Task prompt: Would you retype exactly the lines below, starting with the one that has "Drawstring Gartered Sweatpants" and going on through the one that has "French dore bronze", with no pictures and nothing else?

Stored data
-- -- --
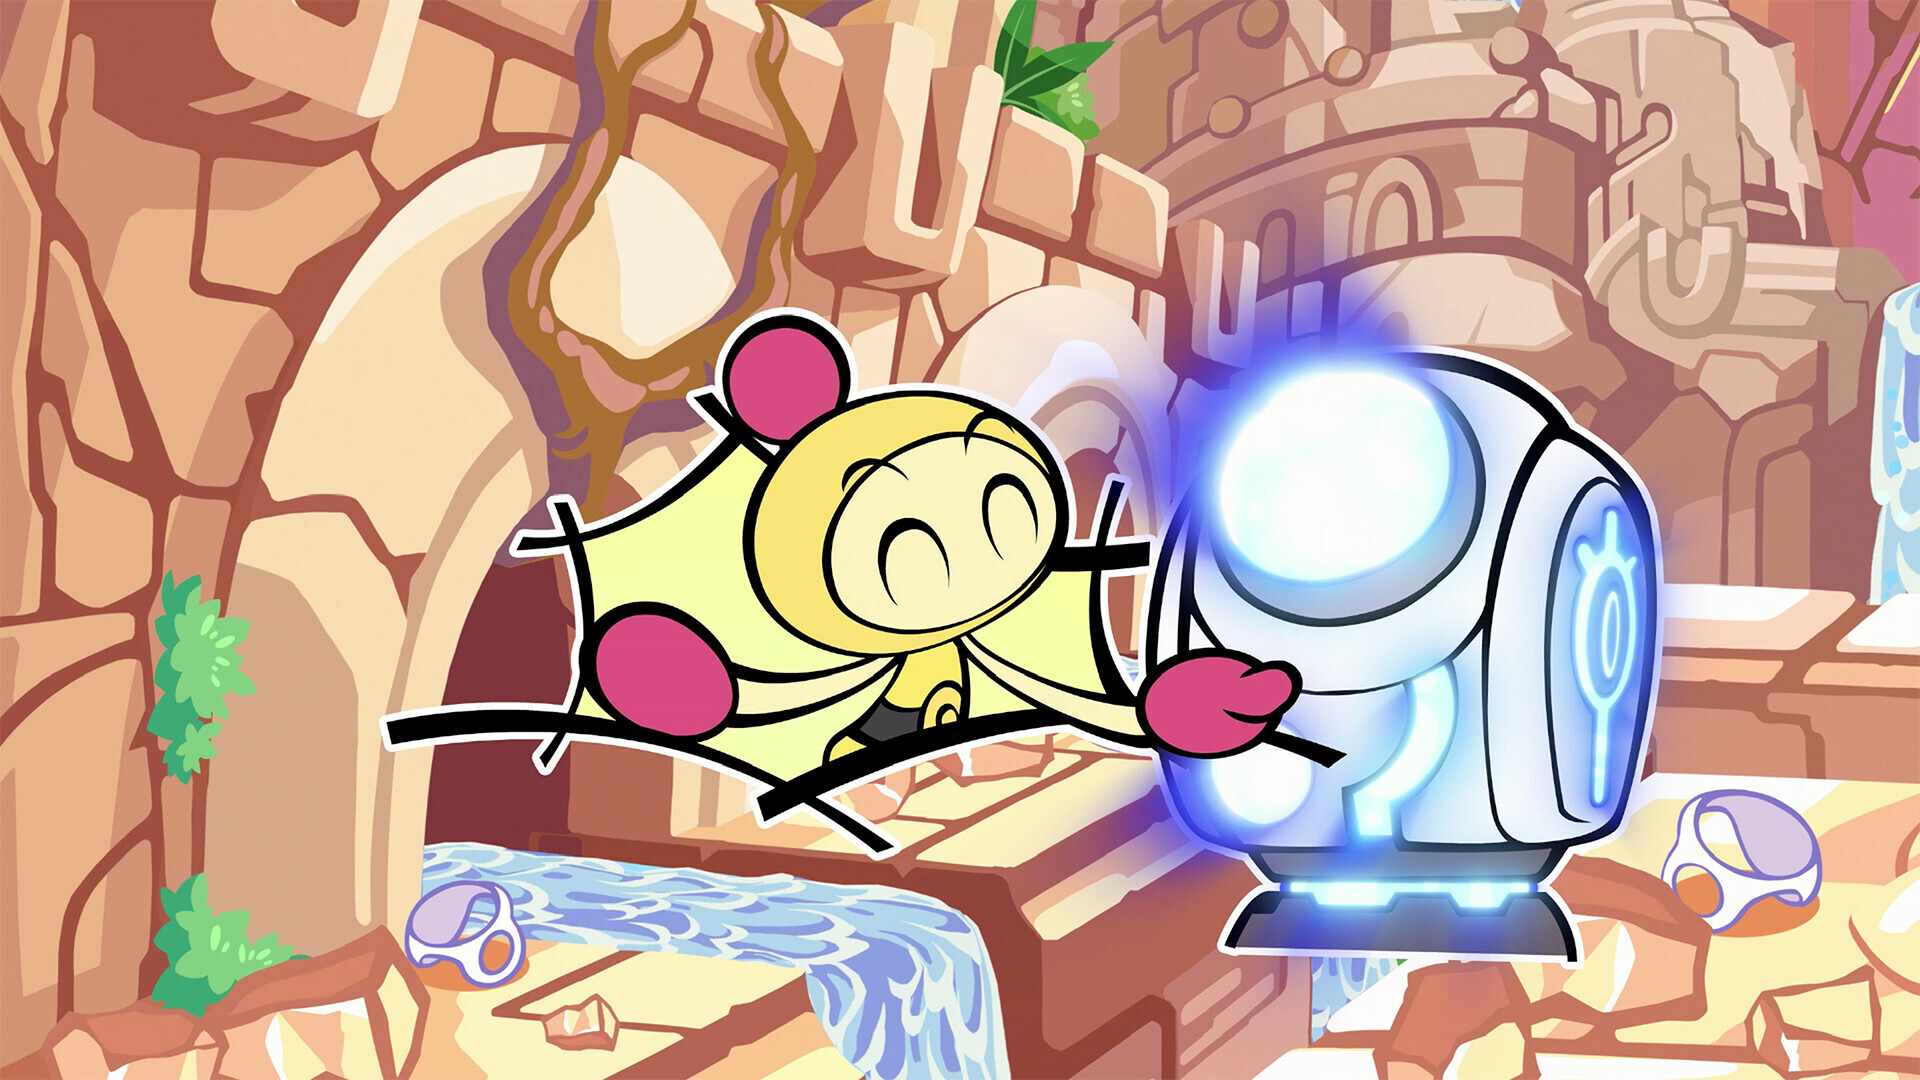 NOW AVAILABLE: Super Bomberman R2 The Bomberman Brothers are back
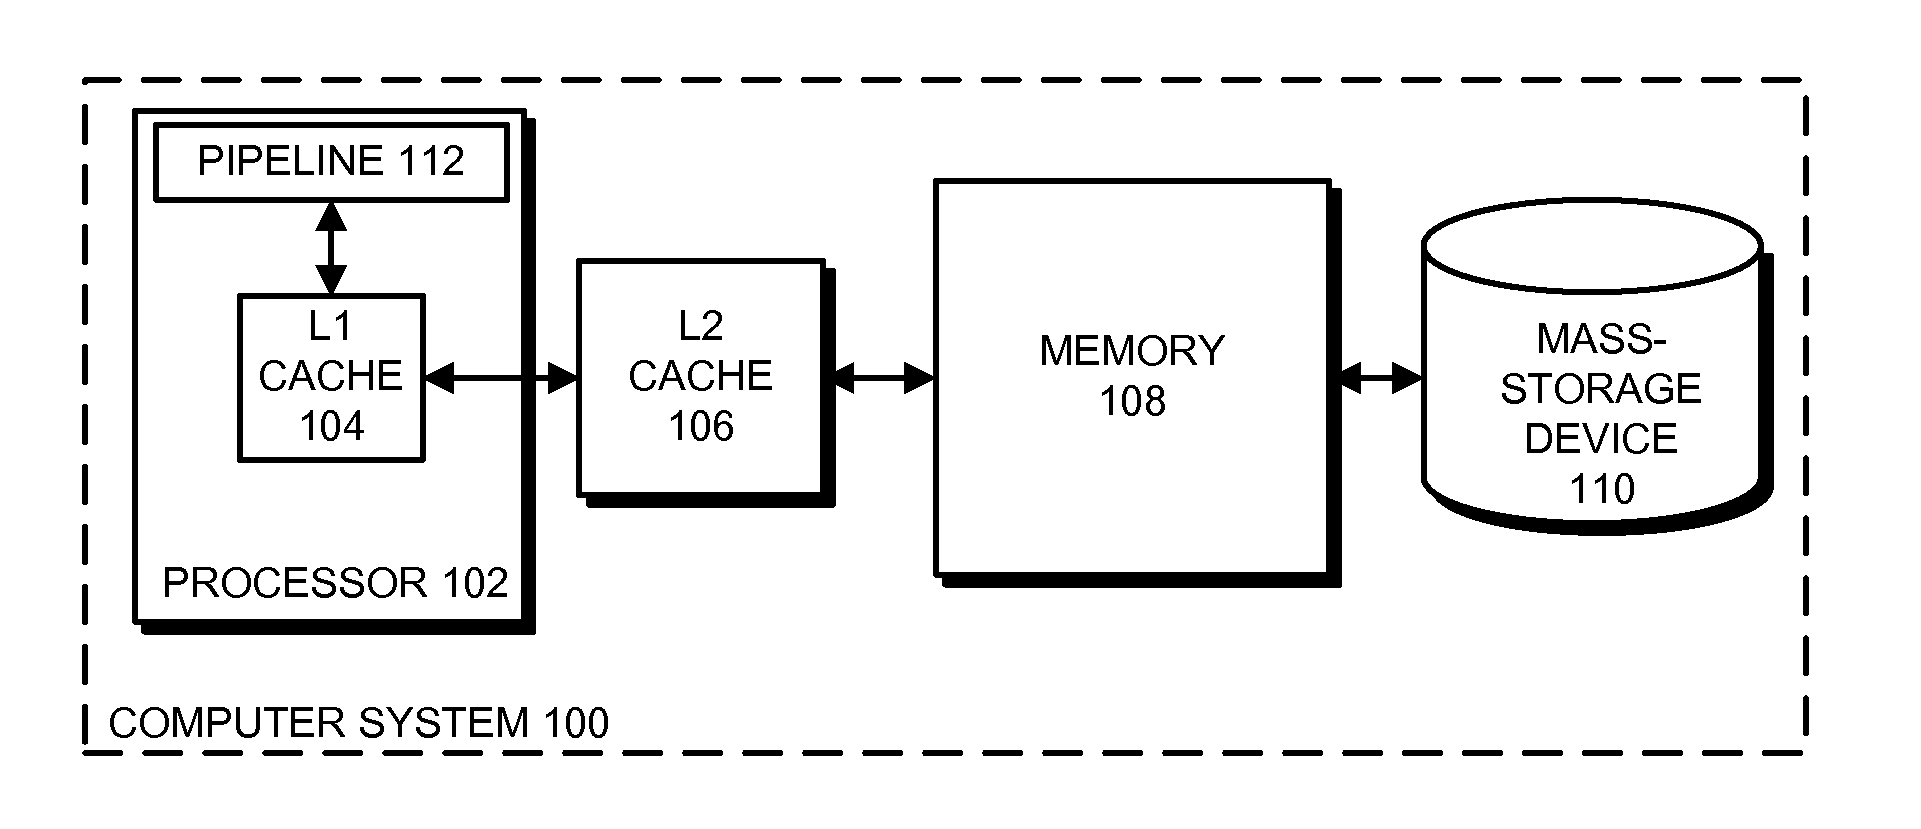 Hardware transactional memory acceleration through multiple failure recovery
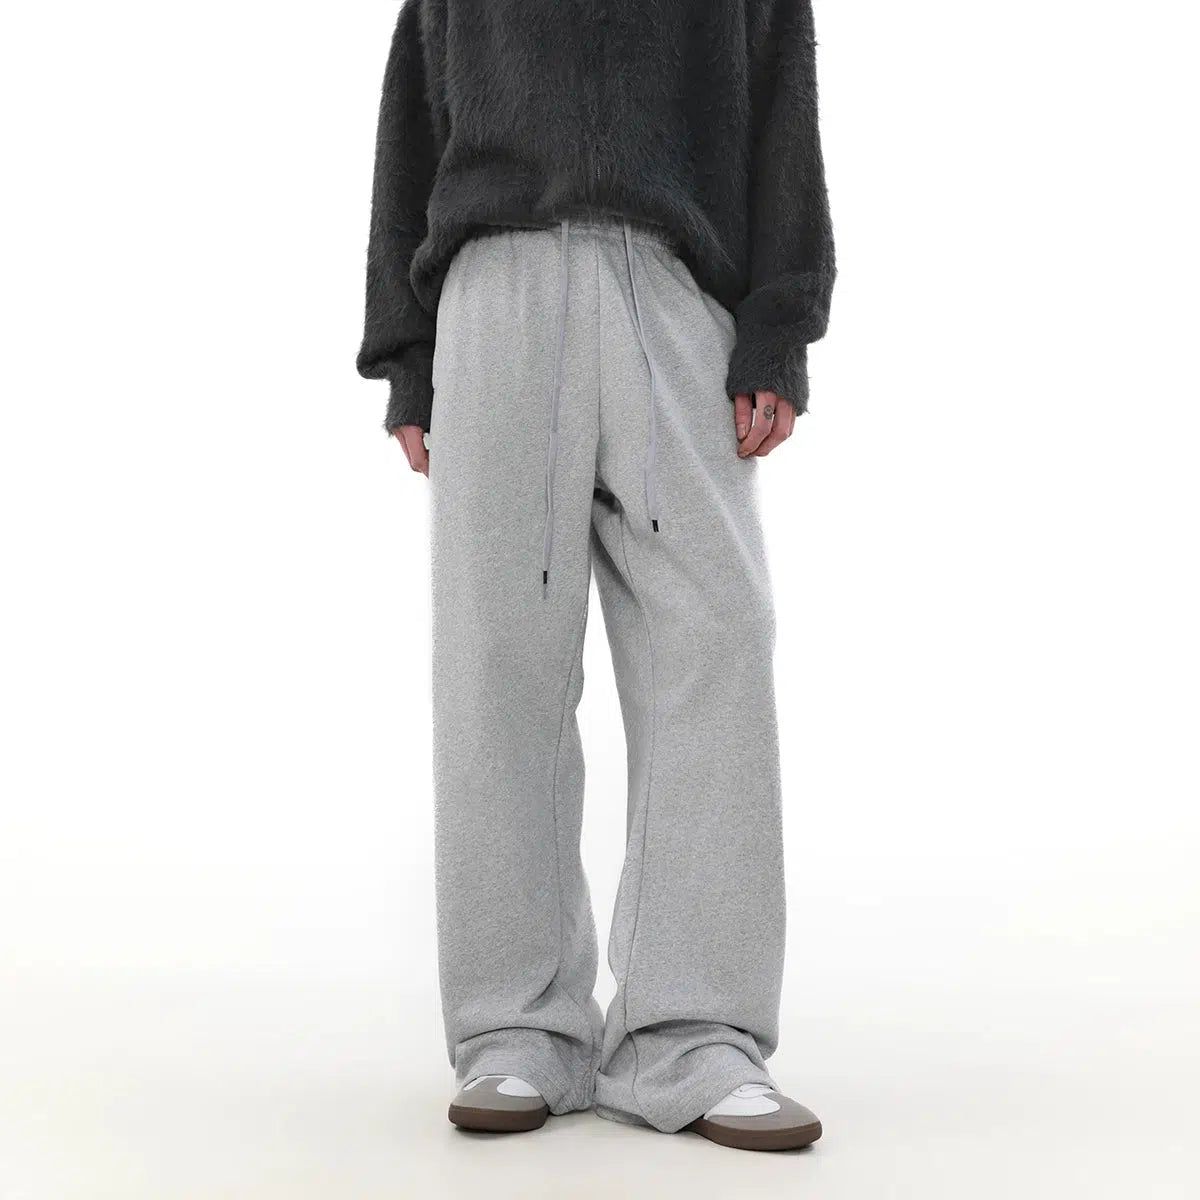 Drawstring Gartered Sweatpants Korean Street Fashion Pants By Mr Nearly Shop Online at OH Vault
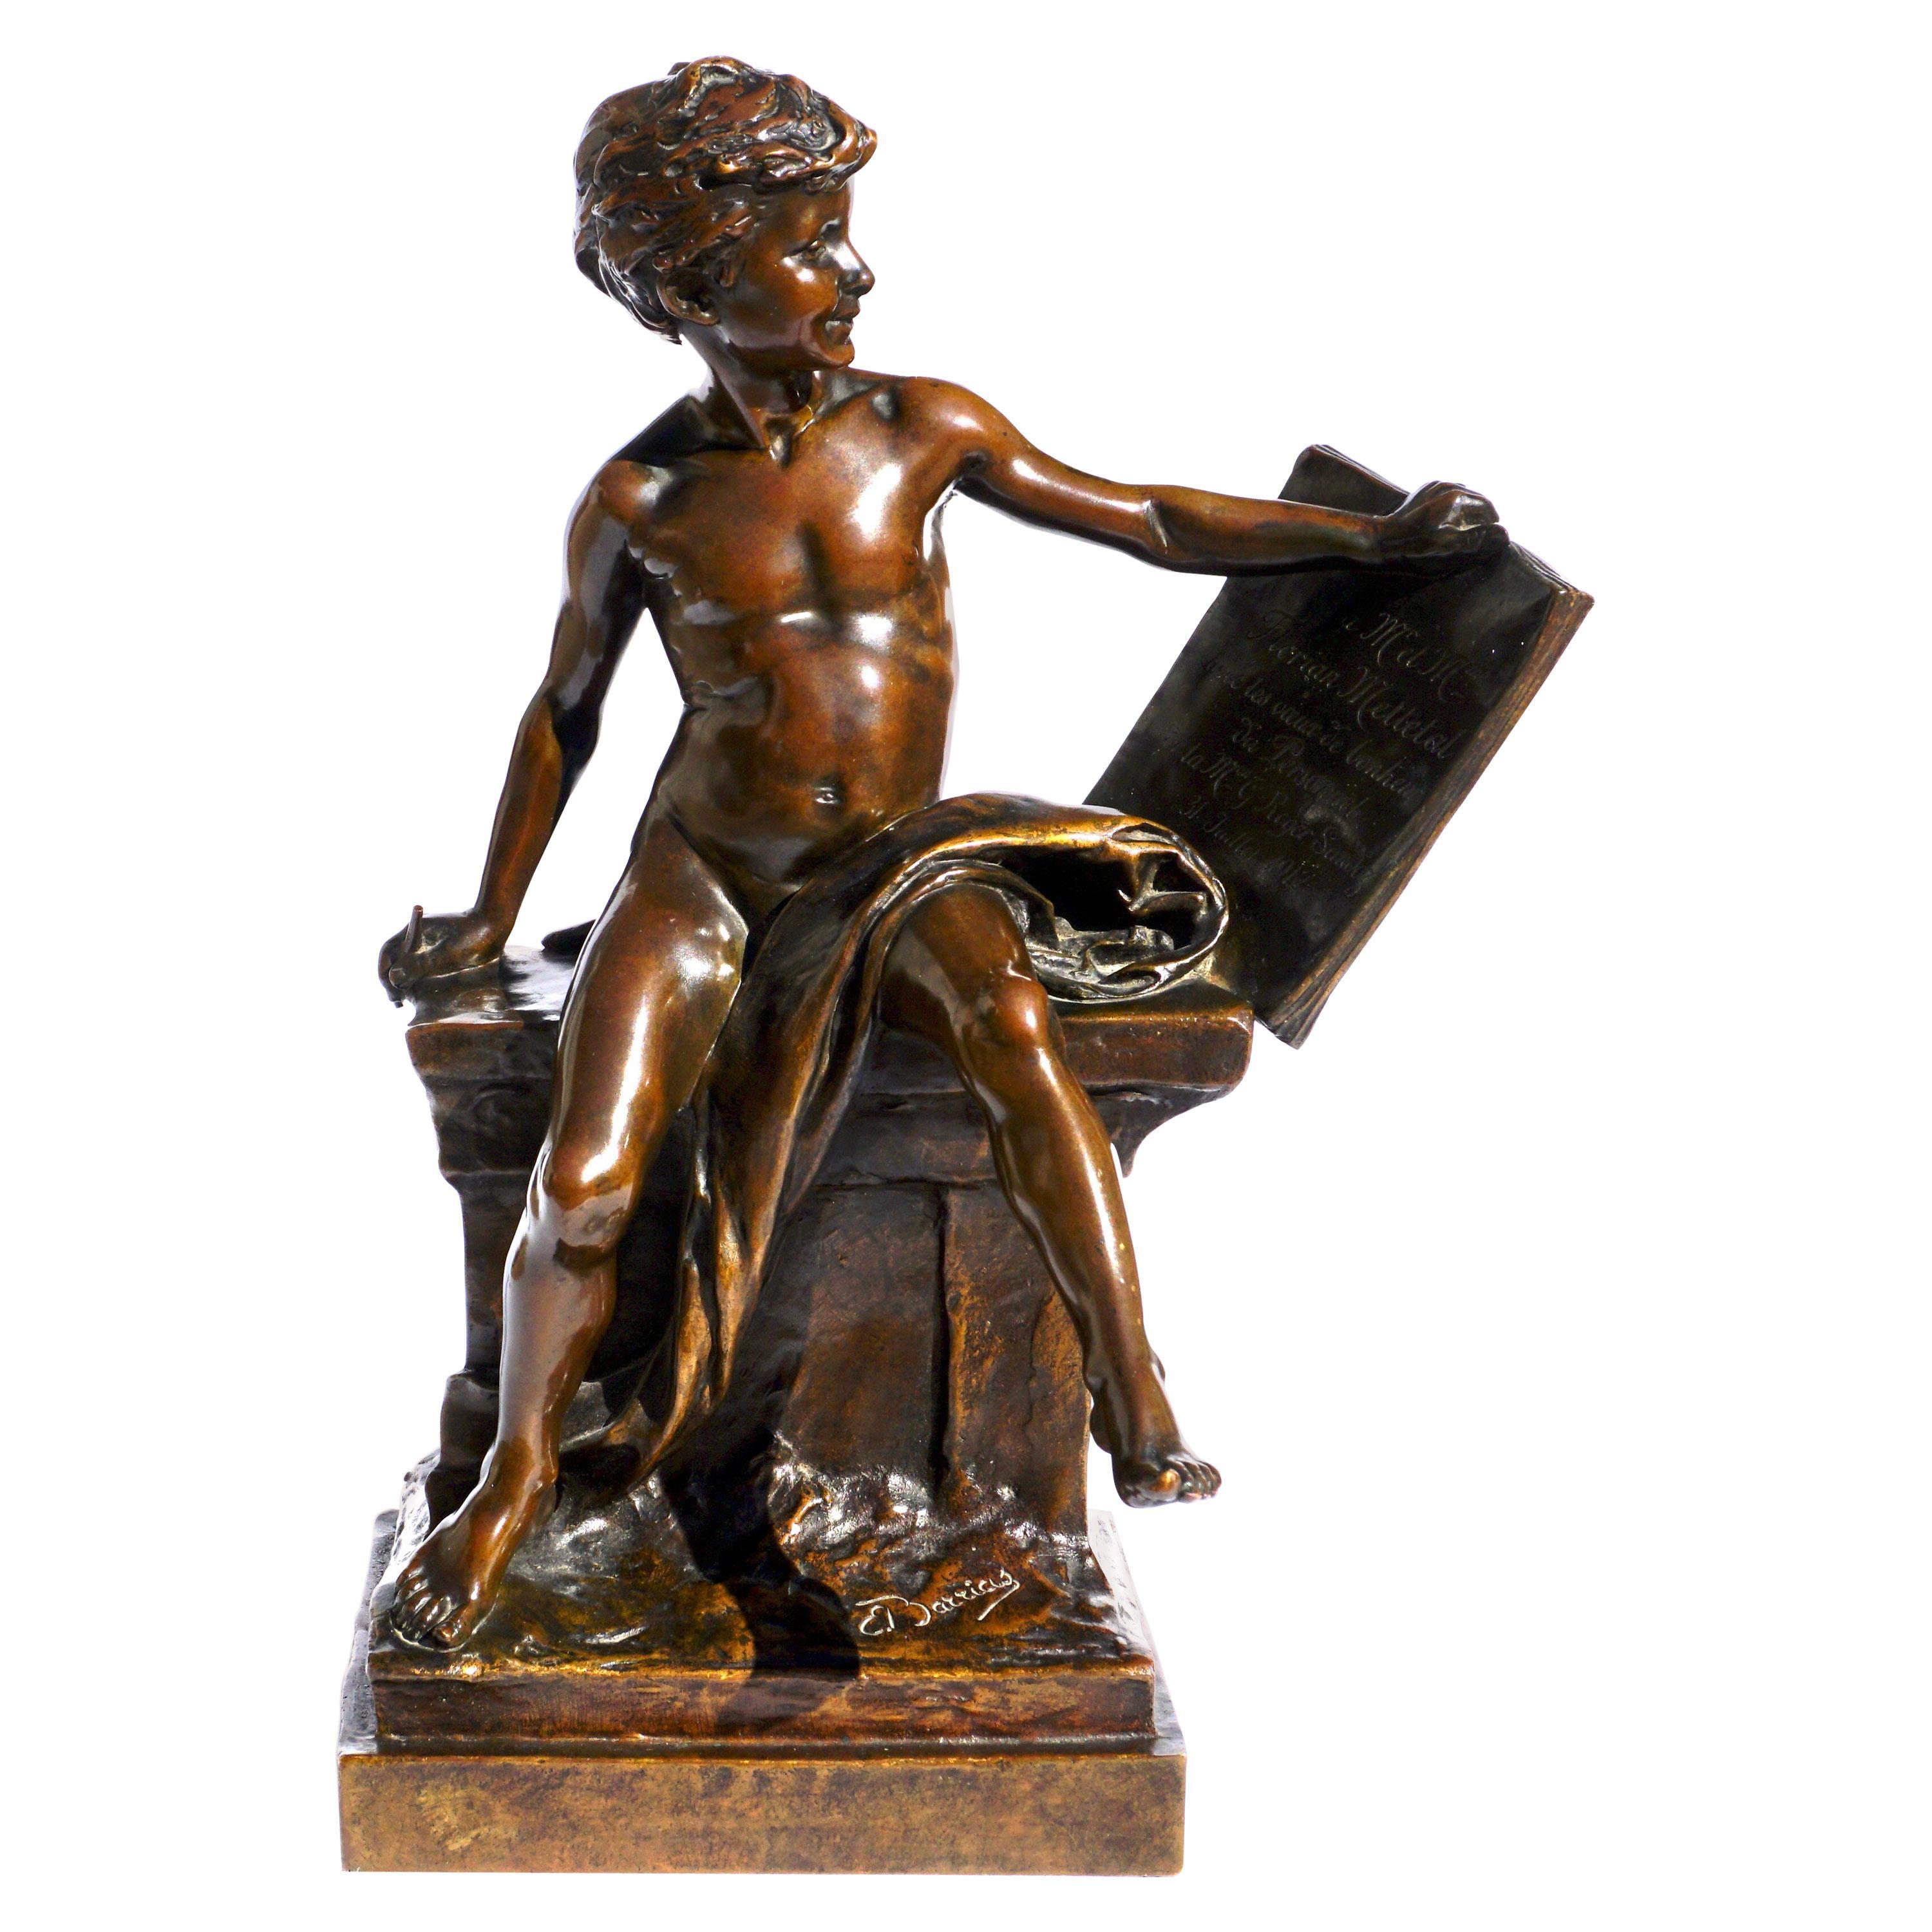 French dore bronze depicting a seated figure of a boy with tablet by Louis Ernest Barrias, French(1841-1905) Circa 1912 

Modeled as a partially nude youth seated with a tablet and pen, incised E. Barrias and Susse Frères and Susse Frères pastille
-- -- --
Answer to this task:
 Drawstring Gartered Sweatpants Korean Street Fashion Pants By Mr Nearly Shop Online at OH Vault
 French dore bronze depicting a seated figure of a boy with tablet by Louis Ernest Barrias, French(1841-1905) Circa 1912 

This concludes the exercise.